Clifton Park Museum connects communities with Our World project

Museums are an invaluable part of the fabric of society, where communities come together to broaden their horizons, heightening their understanding, compassion and respect for culture through the many priceless treasures that sit silently inside.

Since it opened in 1893, Clifton Park Museum in Rotherham has been well-loved by families who travel near and far to see Nelson the lion and find out more about the town’s social and industrial history. However, a new project has a brought a unifying power to the museum’s collections by interlacing shared traditions of people in Rotherham to celebrate the town’s vibrant cultural heritage.

Our World: discover objects, explore stories, and make connections was established to develop a better understanding of Rotherham’s many communities and create a greater sense of belonging through everyday objects. While different cultures have their own traditions, there are also many similarities that connect us – whether that’s items we use at home, tools, jewellery or trinkets.

The museum’s library gallery now tells the story of Rotherham past and present. Visitors can find never-before-seen artefacts from the original collection dating back to the museum’s beginnings, right through to items from the 1940s onwards that highlight the social and working lives of people in Rotherham. There are top hats and dance shoes, remnants of the many industries that powered the town, and the infamous two-bodied kitten from Steel, Peech and Tozer.

Reinterpreting the idea of world cultures

One focus of the Our World project is to look at new ways to curate exhibitions, reinterpreting the idea of world cultures through more ethical ways of collecting objects.
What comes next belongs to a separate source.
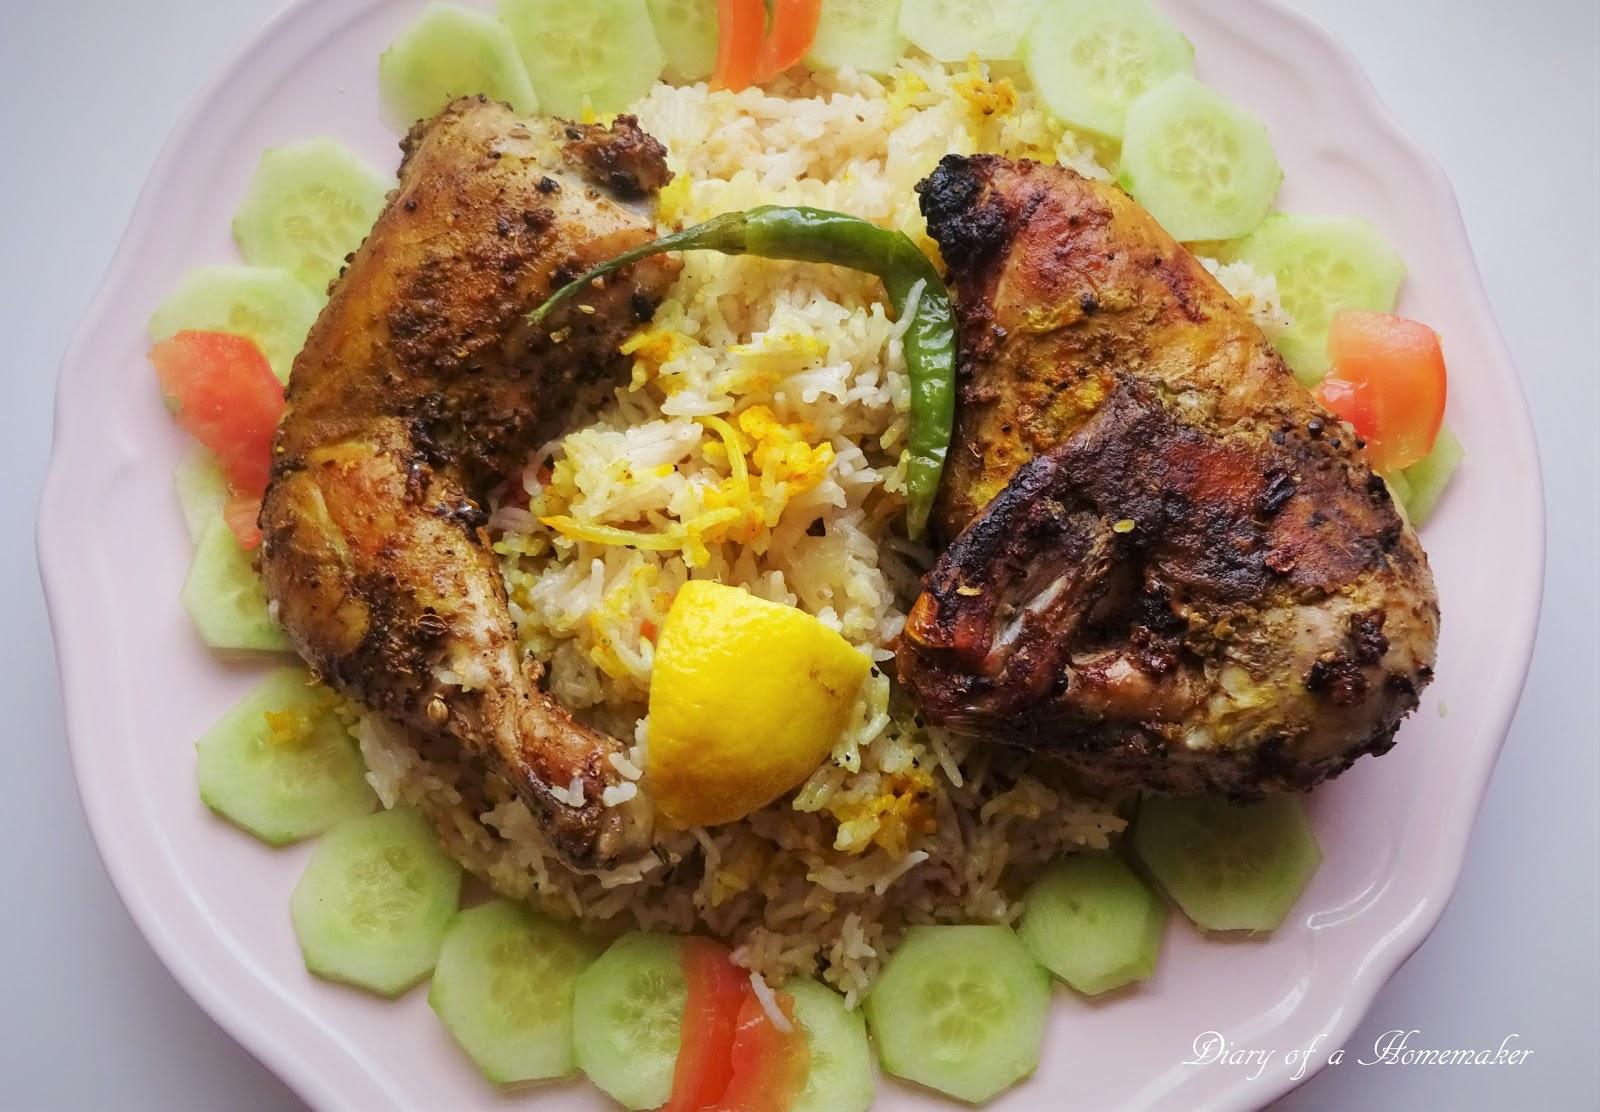 Indian food recipes indian recipes desi food desi recipes mandi chicchickenken yemeni food arabic recipe rice lemon forumfinder Choice Image

In the 1920s, the museum’s curator Ethert Brand wanted to educate people who couldn’t travel about the world beyond Rotherham. He also further developed the museum’s World Cultures Collection, which has over 300 items collected from across the continents.

By today’s standards, this colonial perspective of trading or acquiring items is outdated and inappropriate, with the Rotherham Museums, Arts and Heritage team striving to acknowledge the past and highlight the need for more collaborative approaches to curation. Together with Rotherham Ethnic Minority Alliance (REMA), the team has worked with diverse communities to discuss how relevant the items in the collection are and whether they form connections with different groups.

The team has also invited these communities to loan or donate items that have a connection to the town or a story to tell.

Sithule Mguni, who works with REMA, donated a collection of possessions she inherited from her friend Ediberto Nabong when he moved back to the Philippines last year. Ediberto had lived in Rotherham since 2010 with his British partner whom he met while travelling in 1995. Together, they explored the world and brought back items that reminded Ediberto of home in the Philippines to keep that connection to his birthplace while in the UK. Two years after his partner died in 2019, Ediberto left the UK and couldn’t afford to take these precious objects with him.

“They were too beautiful to throw away and I thought the objects would be a good reminder for others about the Philippines. But they also reminded me of similar items we have in my own home in Zimbabwe,” Sithule says.

Sharing stories, items and traditions

The project was funded by the Esmee Fairbairn Collection Fund to improve engagement and representation with Rotherham’s diverse communities to reflect the town’s changing demographic. It draws on the full range of backgrounds and perspectives to make sure the exhibition resonates with everyone – and that all voices are heard.

Voices like Zanib Rasool MBE whose parents were part of the first generation of Pakistani migrants to come to Britain in the late 1950s with only a suitcase of their belongings. Haji Ghulam Rasool first came to Newcastle before he, his wife and children moved to Rotherham in 1969 where he got a job in the steel industry at Robert Jenkins. He then worked at Sheffield Forgemasters as a forklift driver.

Zanib and her siblings grew up in Tenter Street in Masbrough which was also home to immigrants from Ireland, Italy, Yemen and Poland. These communities brought diversity to Yorkshire through language, culture, music and food. Zanib’s childhood memories are the epitome of many mid-century Rotherham families: of children playing marbles, hopscotch or football in the street; the clanking sounds and billowing smoke coming from the steel factories; milk floats, coal lorries and the rag and bone man heading down the street. And of course, weekends spent at Clifton Park or on her dad’s allotment.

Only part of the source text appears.